Chacun justifiait ses compromissions par le fait que les siens étaient minoritaires, qu’ils avaient longtemps souffert et qu’ils avaient à tout prix besoin de se défendre. Bien entendu, toutes les communautés du Liban sont minoritaires, même les plus nombreuses ; toutes ont connu, un jour ou l’autre, des persécutions ou des humiliations ; et toutes ont ressenti le besoin de ruser et de se protéger pour survivre. De ce fait, chacune s’est employée à tisser ses réseaux régionaux et internationaux, avec des partenaires de toute sorte, qui nourrissaient leurs propres ambitions, leurs propres frayeurs, leurs propres inimitiés… (…)

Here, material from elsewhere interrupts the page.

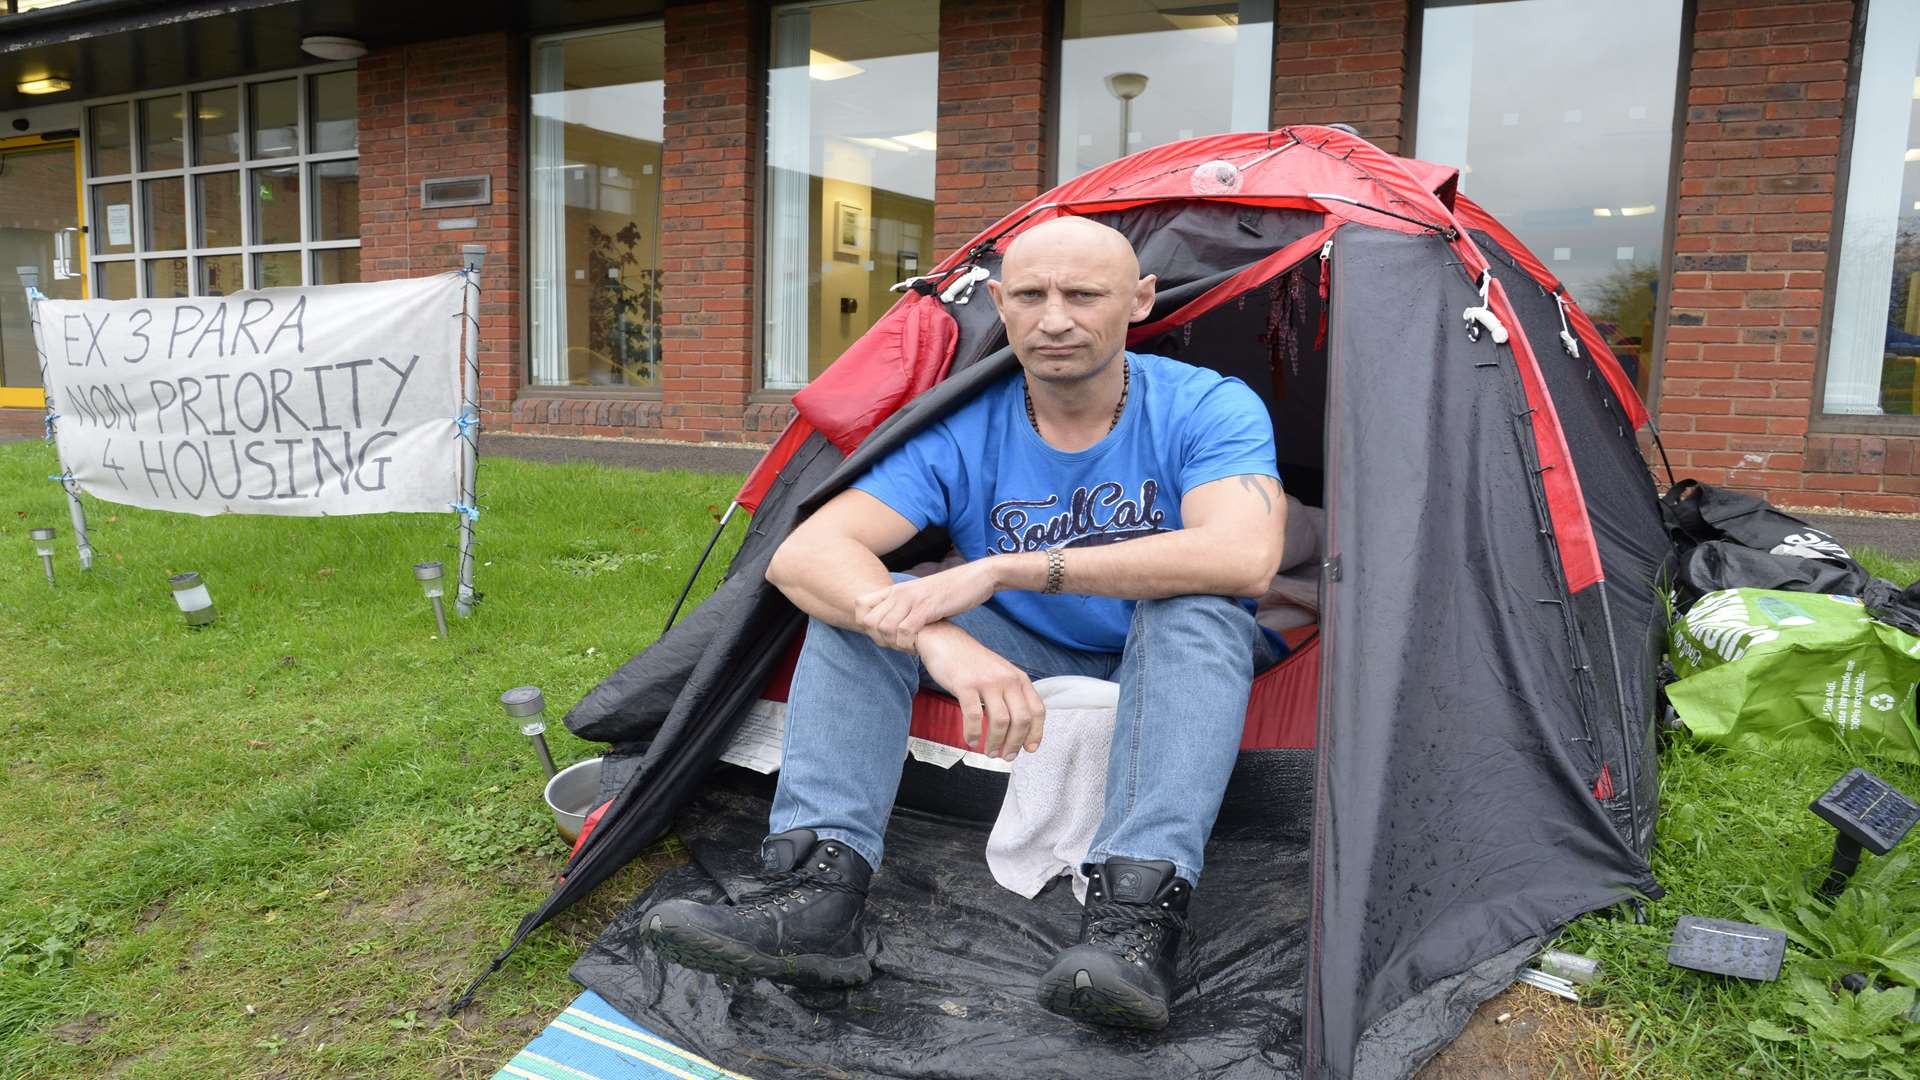 Robert Shaw protesting outside the council offices on Thursday for not being given housing priority for being an ex-serviceman. Picture: Chris Davey

Les murs de la petite patrie ont fini par se lézarder, des élégantes toitures jusqu’aux fondations. Plus rien ne ressemblait à ce qu’on avait voulu bâtir, et plus rien ne fonctionnait convenablement. Les institutions politiques étaient tellement ébranlées qu’à chaque échéance électorale, elles menaçaient de s’effondrer. L’économie ne tenait plus debout que grâce à des bricolages laborieux qui retardaient d’un semestre à l’autre la banqueroute. La corruption s’apparentait à un pillage systématique, tandis que la population était privée des services élémentaires que sont l’eau, l’électricité, les soins médicaux, les transports en commun, les télécommunications ou le ramassage des ordures.
Ce délabrement matériel et moral est d’autant plus affligeant que le Beyrouth de ma jeunesse vivait, en matière de coexistence entre les religions, une expérience rare, qui aurait pu, je crois, offrir à sa région si tourmentée, et même à d’autres parties du monde, un exemple à méditer.